Gastroenterology

Gastroenterology

Volume 102, Issue 2, February 1992, Pages 453-460
Gastroenterology

Acute noncardiac chest pain in a coronary care unit: Acute noncardiac chest pain in a coronary care unit. Evaluation by 24-hour pressure and pH recording of the esophagus

https://doi.org/10.1016/0016-5085(92)90090-LGet rights and content

Abstract

Twenty-four-hour recording of esophageal pressure and pH was performed successfully in 41 patients admitted to the coronary care unit of a general hospital who had an episode of acute, prolonged retrosternal chest pain and who were initially suspected of suffering from coronary artery disease (severe angina pectoris, myocardial infarction), but in whom the pain was subsequently shown not to be of cardiac origin.

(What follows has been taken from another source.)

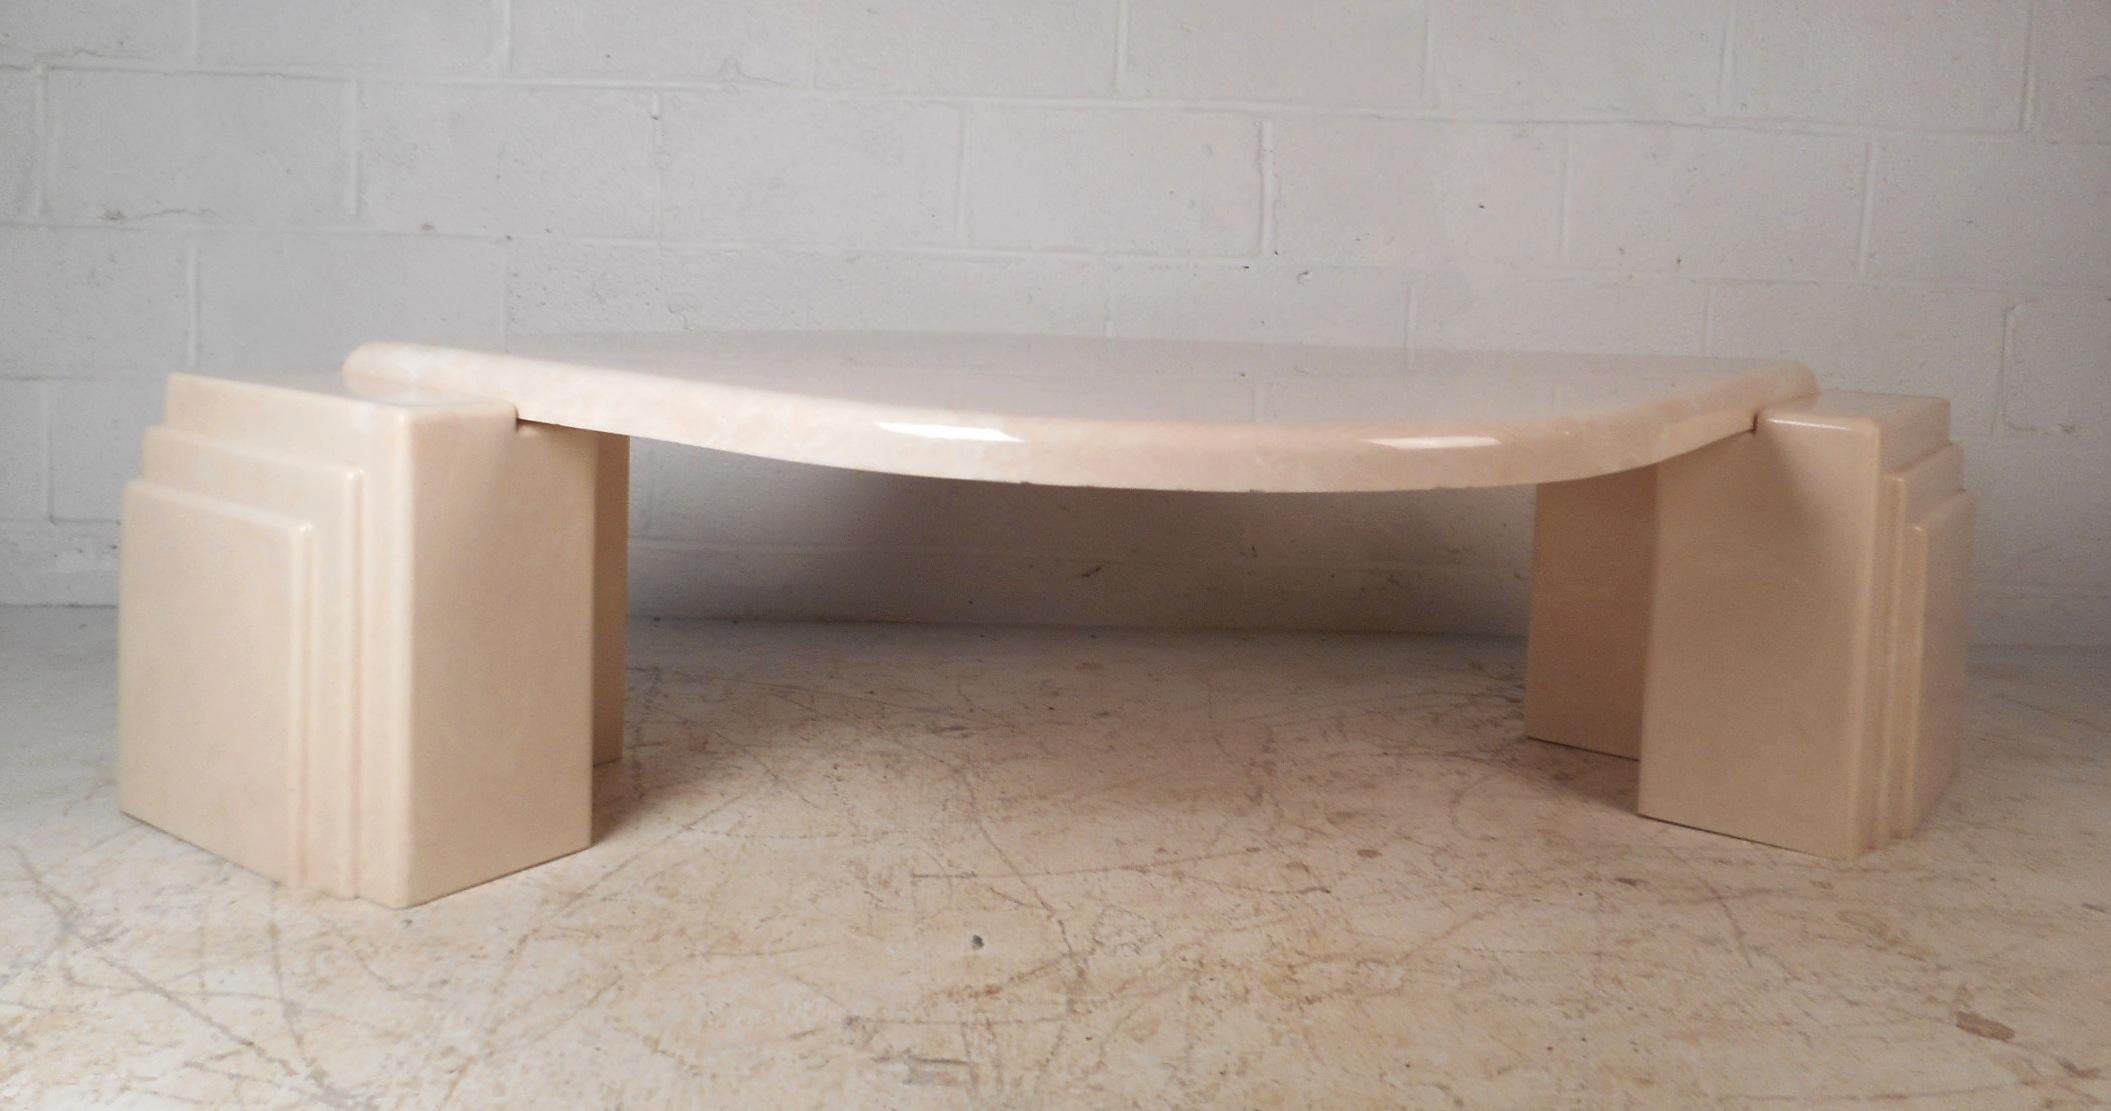 This gorgeous vintage modern coffee table features a uniquely shaped top with two sculptural supports on each side. The unusual tear drop shaped table top and beautiful off-white color adds to the allure. A sleek design that is sure to make a

The recordings were analyzed with fully automated techniques. A pain episode was considered to be related to abnormal esophageal motility when contraction amplitudes or durations in the pain episode exceeded the patient's upper limit of normal (97.5th percentile) or when the proportion of abnormal propagated contractions (simultaneous, nontransmitted) in the pain episode was significantly increased (χ2 test). Thirty patients (73%) had one or more pain episodes (in total 63 pain episodes) during the 24-hour recording. Forty-three percent of the pain episodes was related to abnormal motility and 30% to reflux, and 27% was not related to esophageal function disturbance. Using the criterium that the symptom index had to be ≥75%, it was found that the pain was related to reflux in 13 patients (43%) and to motor abnormalities in 10 patients (33%). It is concluded that in the majority of patients acutely admitted with noncardiac chest pain, esophageal motor abnormalities and reflux can be shown to be the likely cause of the symptoms.